Tie the Anubias and java fern to the driftwood (and rocks, if you want) with fishing line or rubber bands and plant the Valisneria along the back wall of the tank. If you want, you can get root tabs to put under the Vals, but it probably won't be necessary. They can usually get enough nutrients from fish food.

I'd go for this bunch of fish because they're all hardy, cheap, and active. What more could you ask for as a kid? Every layer in the tank will have something going on, with the danios swirling and schooling, the platies poking around and chasing each other, and the cories wiggling all over the gravel. Nerites do a fantastic job of keeping the glass clean in a tank, and you can find some very pretty ones. Everything should be low maintenance, the plants will be easy to rearrange, and it'll be a nice, lush green tank with plenty of activity.

hope that helps!


----------



## Jcstank (Jan 3, 2015)

My 4.5 year old has a 5-gallon planted with two neon's in it. Its cheap, easy to care for, and simple. Kids that young wont know/care for the difference. Best part is it takes me 10 minutes to do a water change. You could also put in one Betta too. 

I say keep it simple because he's just 2.


----------



## PBiddy412 (Jul 16, 2014)

It's also a project for me with my son in mind as well. It's why I'd like to put a little time into it.

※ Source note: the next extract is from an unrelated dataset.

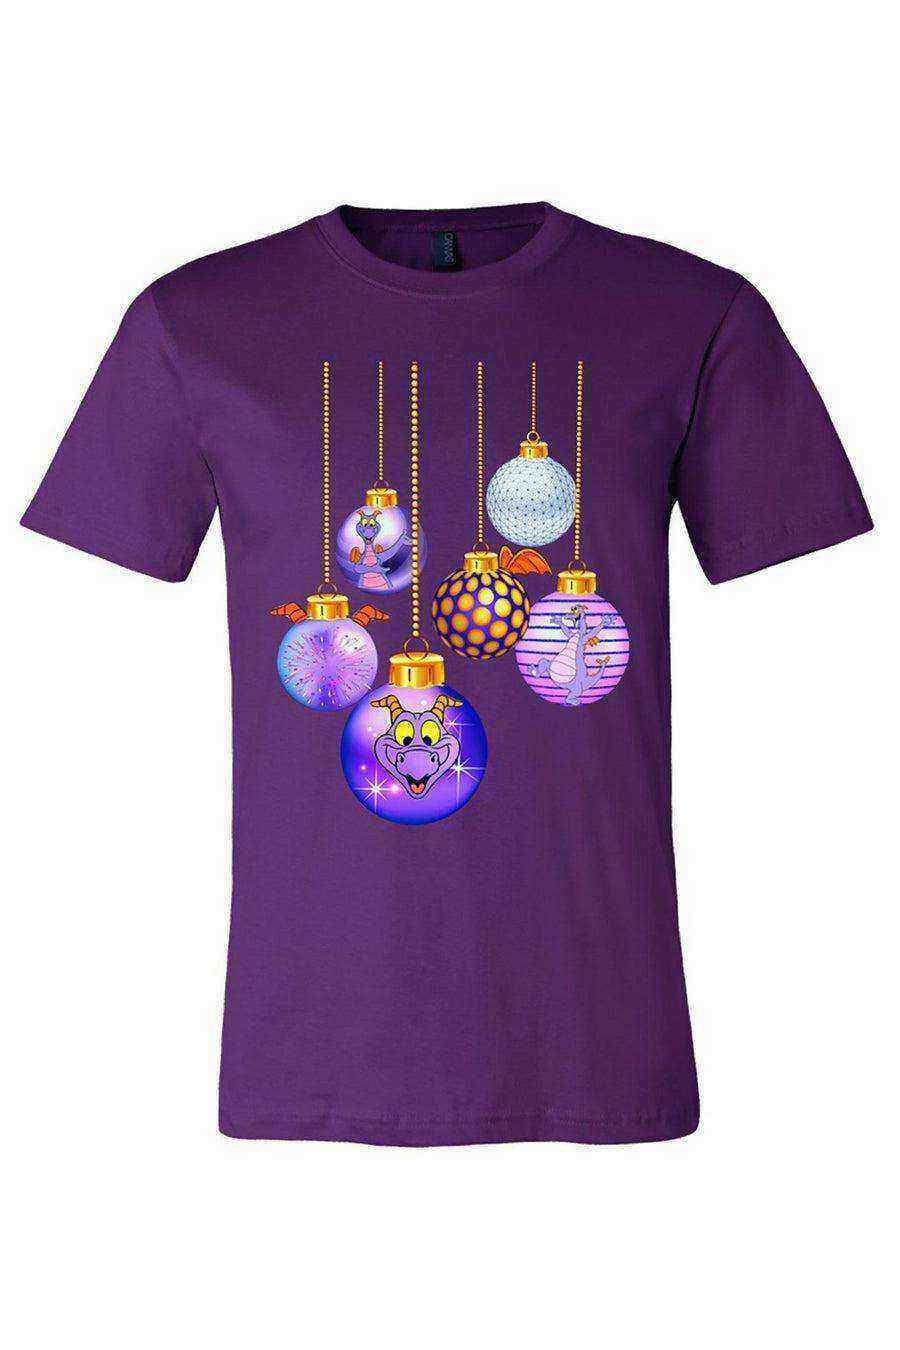 Figment Ornament Tee - Dylan's Tees

Also just found out my 20 long at my mom's was cracked at the bottom. It'll be back to looking at Craigs list or for deals at the pet stores. I've also decided I'll get a Finnex led light along with their canister filter. Both had good reviews. I'm also leaning towards black sand. Love the look of it plus I love green and black together. 

Any good sites to buy from would be great. Im use to the pet stores but they either don't have what I want or it is to expensive!


----------



## caique (Mar 16, 2012)

Kens Fish is good, he is in Tounton MA.

A Eheim 2215 would work well on a 20 long, a Cobalt Neo Therm is a unbreakable heater also one of the best heaters available.

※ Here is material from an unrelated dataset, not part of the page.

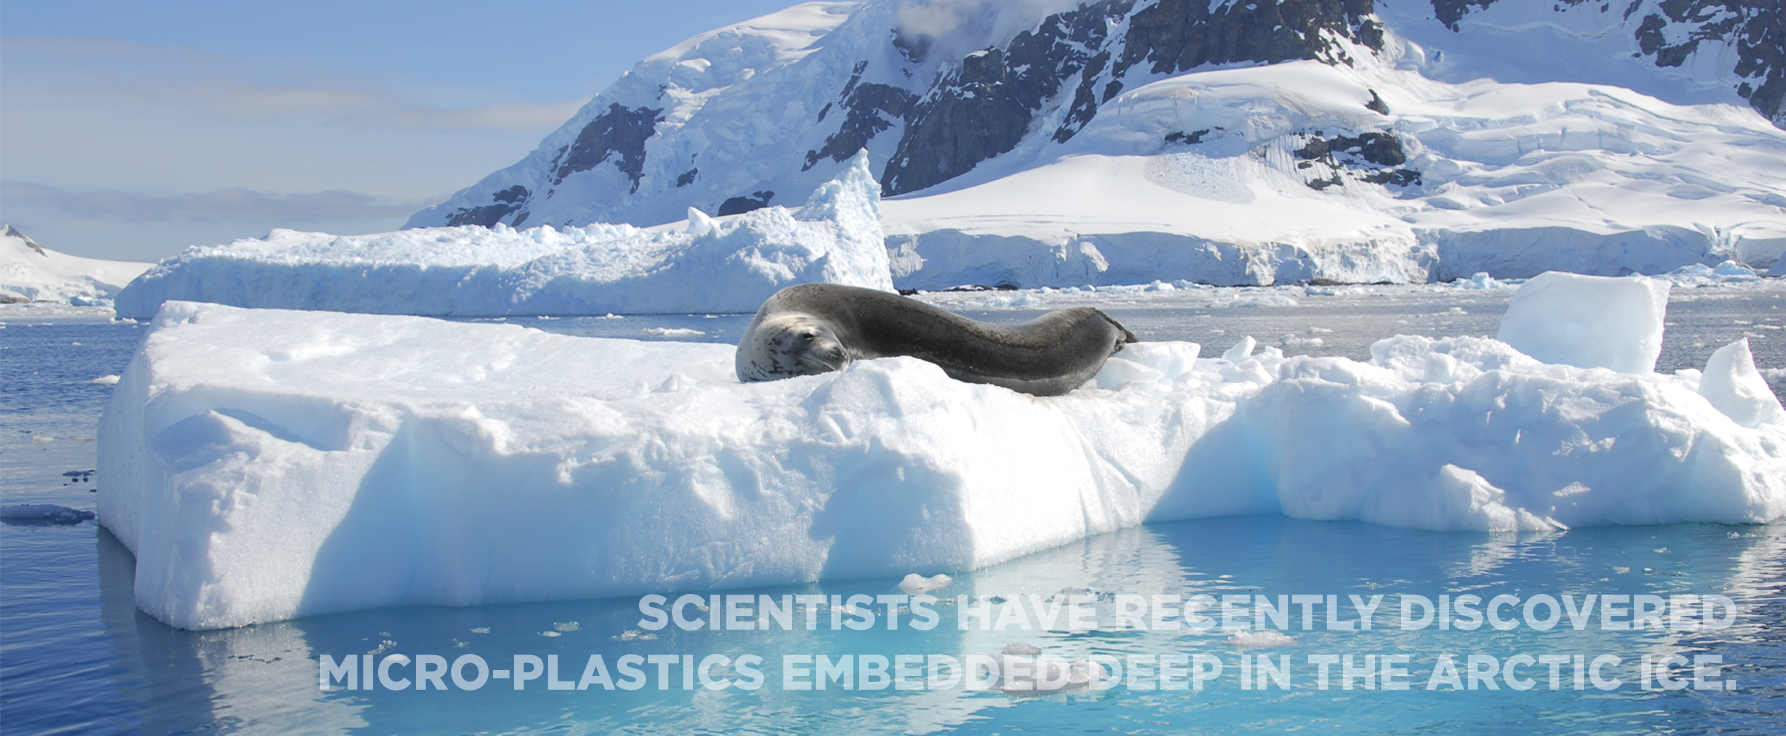 SCIENTISTS HAVE RECENTLY DISCOVERED MICRO-PLASTICS EMBEDDED DEEP IN THE ARCTIC ICE.

Always better to over filter IMO.

Check out the corydoras habrosus.


----------



## ichy (Apr 6, 2015)

My son has had a tank in his room since day one. He is now a BIG fish nut and now that he is a young adult it is a blast to share a hobby with your kid.

That said..kids at that age just love the fish! They dont care that the Cryp is growing or not...

So the setups I used for him when he was young were VERY simple. Under gravel filter, and heater, plastic plants. Then I let him pick out the fish he liked and found interesting. If he wanted a Sponge Bob neon no fishing sign in there, so be it!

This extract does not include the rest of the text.